# EXERCISE
Repeat every entry in full. Match each line exactly.
*** SUPPLIED RECORDS Section Begins ***
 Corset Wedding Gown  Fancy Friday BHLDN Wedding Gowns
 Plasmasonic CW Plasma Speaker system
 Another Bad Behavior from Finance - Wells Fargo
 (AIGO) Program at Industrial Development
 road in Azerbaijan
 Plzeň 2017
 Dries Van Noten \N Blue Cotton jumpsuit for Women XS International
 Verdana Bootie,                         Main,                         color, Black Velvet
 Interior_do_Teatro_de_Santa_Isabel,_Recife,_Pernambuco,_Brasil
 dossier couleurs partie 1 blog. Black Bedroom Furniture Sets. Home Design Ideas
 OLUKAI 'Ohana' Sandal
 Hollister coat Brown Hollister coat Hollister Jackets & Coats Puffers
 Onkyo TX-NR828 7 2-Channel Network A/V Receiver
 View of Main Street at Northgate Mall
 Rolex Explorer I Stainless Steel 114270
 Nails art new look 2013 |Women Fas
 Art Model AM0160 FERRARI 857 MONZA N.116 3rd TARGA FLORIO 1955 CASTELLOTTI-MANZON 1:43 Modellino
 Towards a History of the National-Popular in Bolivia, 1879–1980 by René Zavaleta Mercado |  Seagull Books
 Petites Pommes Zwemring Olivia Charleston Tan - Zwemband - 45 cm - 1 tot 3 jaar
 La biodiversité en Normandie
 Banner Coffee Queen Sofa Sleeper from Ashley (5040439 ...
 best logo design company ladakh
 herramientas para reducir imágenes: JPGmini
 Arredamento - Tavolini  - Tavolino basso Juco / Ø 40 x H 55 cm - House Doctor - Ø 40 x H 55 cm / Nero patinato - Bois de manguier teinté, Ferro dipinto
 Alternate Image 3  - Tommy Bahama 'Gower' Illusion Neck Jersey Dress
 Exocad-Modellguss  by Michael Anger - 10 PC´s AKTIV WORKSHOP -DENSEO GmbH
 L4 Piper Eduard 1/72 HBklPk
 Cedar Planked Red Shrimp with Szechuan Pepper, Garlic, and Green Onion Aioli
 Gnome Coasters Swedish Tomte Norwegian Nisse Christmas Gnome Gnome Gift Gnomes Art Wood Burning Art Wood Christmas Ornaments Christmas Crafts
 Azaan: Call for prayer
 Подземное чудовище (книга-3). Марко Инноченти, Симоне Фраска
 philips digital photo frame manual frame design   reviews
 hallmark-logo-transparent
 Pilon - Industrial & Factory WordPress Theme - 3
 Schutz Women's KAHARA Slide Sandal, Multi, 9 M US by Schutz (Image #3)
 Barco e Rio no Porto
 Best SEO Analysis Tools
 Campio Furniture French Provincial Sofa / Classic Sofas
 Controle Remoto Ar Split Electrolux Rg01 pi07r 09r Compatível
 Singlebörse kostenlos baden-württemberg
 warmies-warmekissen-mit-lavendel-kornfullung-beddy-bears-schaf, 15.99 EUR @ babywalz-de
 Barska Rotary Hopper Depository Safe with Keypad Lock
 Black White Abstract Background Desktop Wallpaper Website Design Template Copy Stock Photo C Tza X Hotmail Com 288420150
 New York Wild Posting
*** SUPPLIED RECORDS Section Ends ***
# SOLUTION BELOW
 Corset Wedding Gown  Fancy Friday BHLDN Wedding Gowns
 Plasmasonic CW Plasma Speaker system
 Another Bad Behavior from Finance - Wells Fargo
 (AIGO) Program at Industrial Development
 road in Azerbaijan
 Plzeň 2017
 Dries Van Noten \N Blue Cotton jumpsuit for Women XS International
 Verdana Bootie,                         Main,                         color, Black Velvet
 Interior_do_Teatro_de_Santa_Isabel,_Recife,_Pernambuco,_Brasil
 dossier couleurs partie 1 blog. Black Bedroom Furniture Sets. Home Design Ideas
 OLUKAI 'Ohana' Sandal
 Hollister coat Brown Hollister coat Hollister Jackets & Coats Puffers
 Onkyo TX-NR828 7 2-Channel Network A/V Receiver
 View of Main Street at Northgate Mall
 Rolex Explorer I Stainless Steel 114270
 Nails art new look 2013 |Women Fas
 Art Model AM0160 FERRARI 857 MONZA N.116 3rd TARGA FLORIO 1955 CASTELLOTTI-MANZON 1:43 Modellino
 Towards a History of the National-Popular in Bolivia, 1879–1980 by René Zavaleta Mercado |  Seagull Books
 Petites Pommes Zwemring Olivia Charleston Tan - Zwemband - 45 cm - 1 tot 3 jaar
 La biodiversité en Normandie
 Banner Coffee Queen Sofa Sleeper from Ashley (5040439 ...
 best logo design company ladakh
 herramientas para reducir imágenes: JPGmini
 Arredamento - Tavolini  - Tavolino basso Juco / Ø 40 x H 55 cm - House Doctor - Ø 40 x H 55 cm / Nero patinato - Bois de manguier teinté, Ferro dipinto
 Alternate Image 3  - Tommy Bahama 'Gower' Illusion Neck Jersey Dress
 Exocad-Modellguss  by Michael Anger - 10 PC´s AKTIV WORKSHOP -DENSEO GmbH
 L4 Piper Eduard 1/72 HBklPk
 Cedar Planked Red Shrimp with Szechuan Pepper, Garlic, and Green Onion Aioli
 Gnome Coasters Swedish Tomte Norwegian Nisse Christmas Gnome Gnome Gift Gnomes Art Wood Burning Art Wood Christmas Ornaments Christmas Crafts
 Azaan: Call for prayer
 Подземное чудовище (книга-3). Марко Инноченти, Симоне Фраска
 philips digital photo frame manual frame design   reviews
 hallmark-logo-transparent
 Pilon - Industrial & Factory WordPress Theme - 3
 Schutz Women's KAHARA Slide Sandal, Multi, 9 M US by Schutz (Image #3)
 Barco e Rio no Porto
 Best SEO Analysis Tools
 Campio Furniture French Provincial Sofa / Classic Sofas
 Controle Remoto Ar Split Electrolux Rg01 pi07r 09r Compatível
 Singlebörse kostenlos baden-württemberg
 warmies-warmekissen-mit-lavendel-kornfullung-beddy-bears-schaf, 15.99 EUR @ babywalz-de
 Barska Rotary Hopper Depository Safe with Keypad Lock
 Black White Abstract Background Desktop Wallpaper Website Design Template Copy Stock Photo C Tza X Hotmail Com 288420150
 New York Wild Posting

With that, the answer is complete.